In summary, this paper introduces a multiobjective evolutionary strategy (multi-ES-Rank) approach for learning-to-rank problems. In addition, we propose three novel Pareto optimal methods in continuous optimization research. Furthermore, we provide the Java archive package of the proposed approach for research reproducibility. From the experimental results, multi-ES-Rank can outperform single-objective ES-Rank in some circumstances of mutation step sizes and Pareto optimal methods for LTR data, as given in Appendix A. The best performance can be gained with the method using Cauchy as a random number generator for mutation step sizes in terms of winning rate. This causes the multi-ES-Rank to outperform the single-objective ES-Rank in certain conditions.

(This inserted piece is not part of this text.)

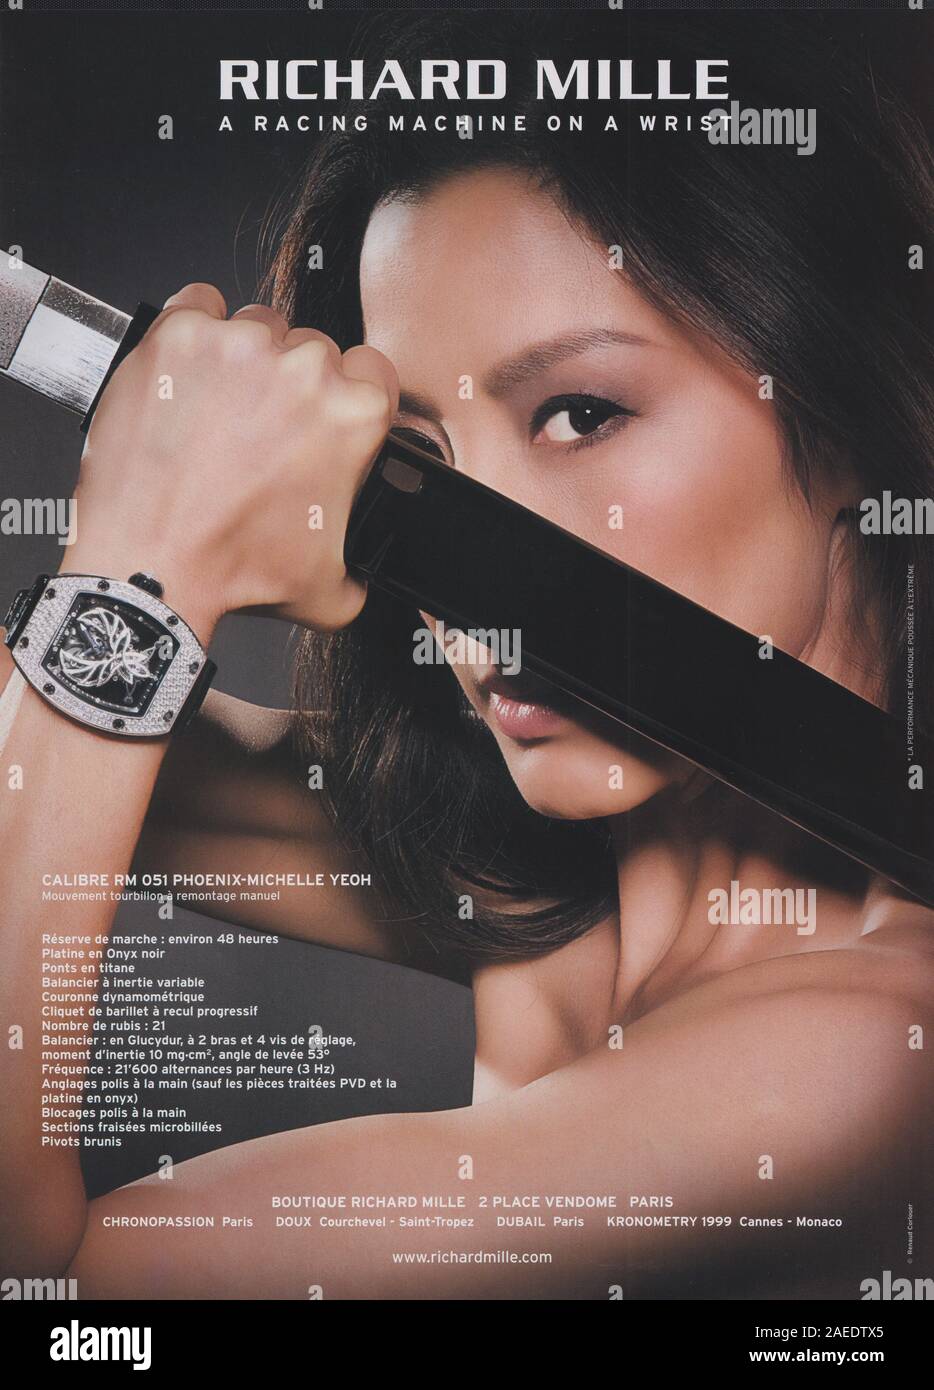 poster advertising Richard Mille watch brand with Michelle Yeoh in magazine from 2012 year, advertisement creative Richard Mille advert from 2010s Stock Photo

Moreover, the different random number generators are evaluated and analyzed versus the three datasets in terms of NDCG@10 for testing data. It was found that the Levy generator is the best for both the MSLR and MQ2007 datasets while the Gaussian generator is the best for the MQ2008 dataset. Thus, random number generators clearly affect the performance of ES-Rank based on the dataset used. Furthermore, method 3 achieved the highest NDCG@10 for MQ2008 and MQ2007, while for the MSLR dataset, the highest NDCG@10 was achieved by method 2.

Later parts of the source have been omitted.